Simple case of Gauss' law for gravity

In summary, the conversation was about a math problem with Gauss's law for gravity for a point mass M, and whether the divergence should be zero or not. One solution suggested was to consider a small but finite mass at the origin, while another option was to define the divergence of the inverse square function as a three-dimensional Dirac Delta function. However, it was noted that point masses are fictitious and a better approach would be to consider a more mathematically defined model, such as a sphere with a finite radius and constant mass density. This led to an easy solution using spherical coordinates and the known formula for the Laplace operator.
  • #1
snoopies622
846
28
TL;DR Summary
I'm having a math problem with Gauss's law for gravity for a point mass M. Or is my interpretation of the law wrong?
i have little experience with the differential form of Gauss's Law, and I've tried three times now to arrive at it for a point mass M (spherically symmetric classical gravitational field) but instead of getting an answer proportional to the mass density I keep getting zero. Is the divergence supposed to be zero? Intuitively I would say no since all the field lines are pointing away from the origin, but then maybe the fact that they get smaller as r increases makes a difference. Scanned and uploaded my work since LaTeX can be a bit tedious.
 

Attachments

  • grav-final-2.jpg
    grav-final-2.jpg
    36.6 KB · Views: 138
Physics news on Phys.org
  • #2
snoopies622 said:
Summary:: I'm having a math problem with Gauss's law for gravity for a point mass M. Or is my interpretation of the law wrong?

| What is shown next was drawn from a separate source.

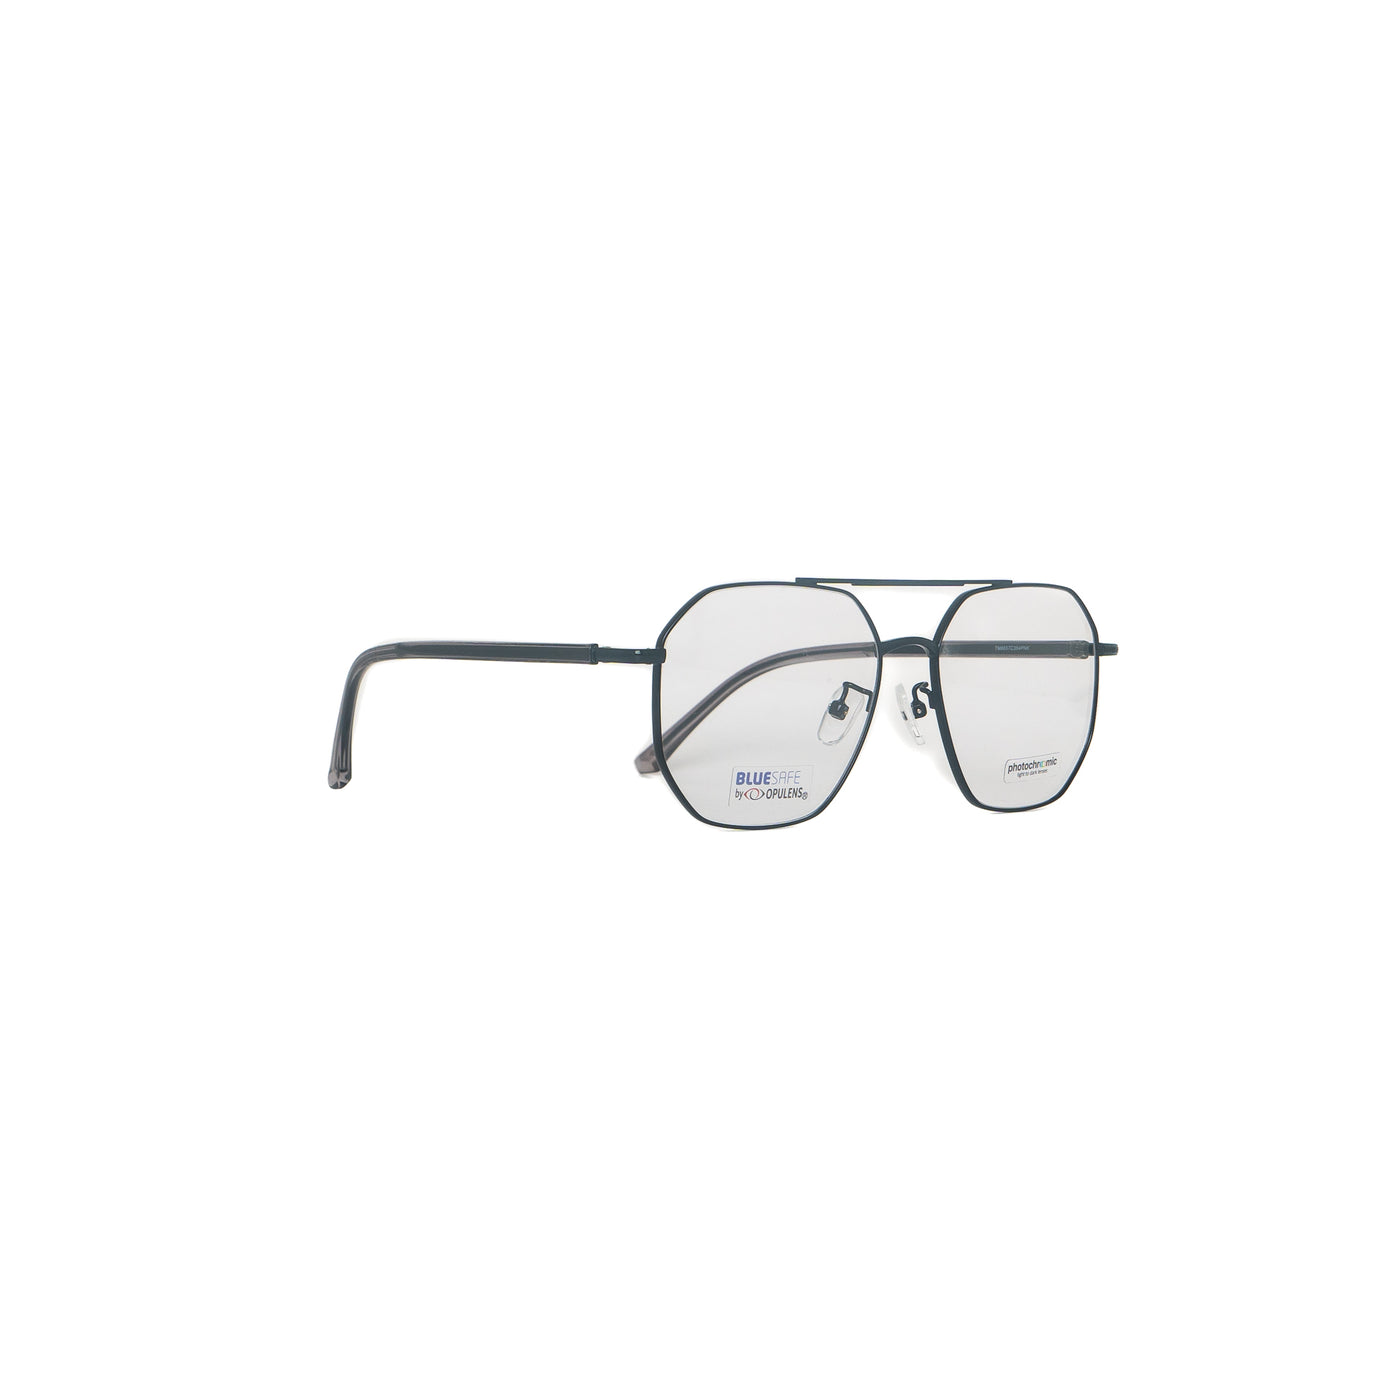 Tony Morgan TM8657C354PNK | Eyeglasses - Vision Express Optical Philippines

i have little experience with the differential form of Gauss's Law, and I've tried three times now to arrive at it for a point mass M (spherically symmetric classical gravitational field) but instead of getting an answer proportional to the mass density I keep getting zero. Is the divergence supposed to be zero? Intuitively I would say no since all the field lines are pointing away from the origin, but then maybe the fact that they get smaller as r increases makes a difference. Scanned and uploaded my work since LaTeX can be a bit tedious.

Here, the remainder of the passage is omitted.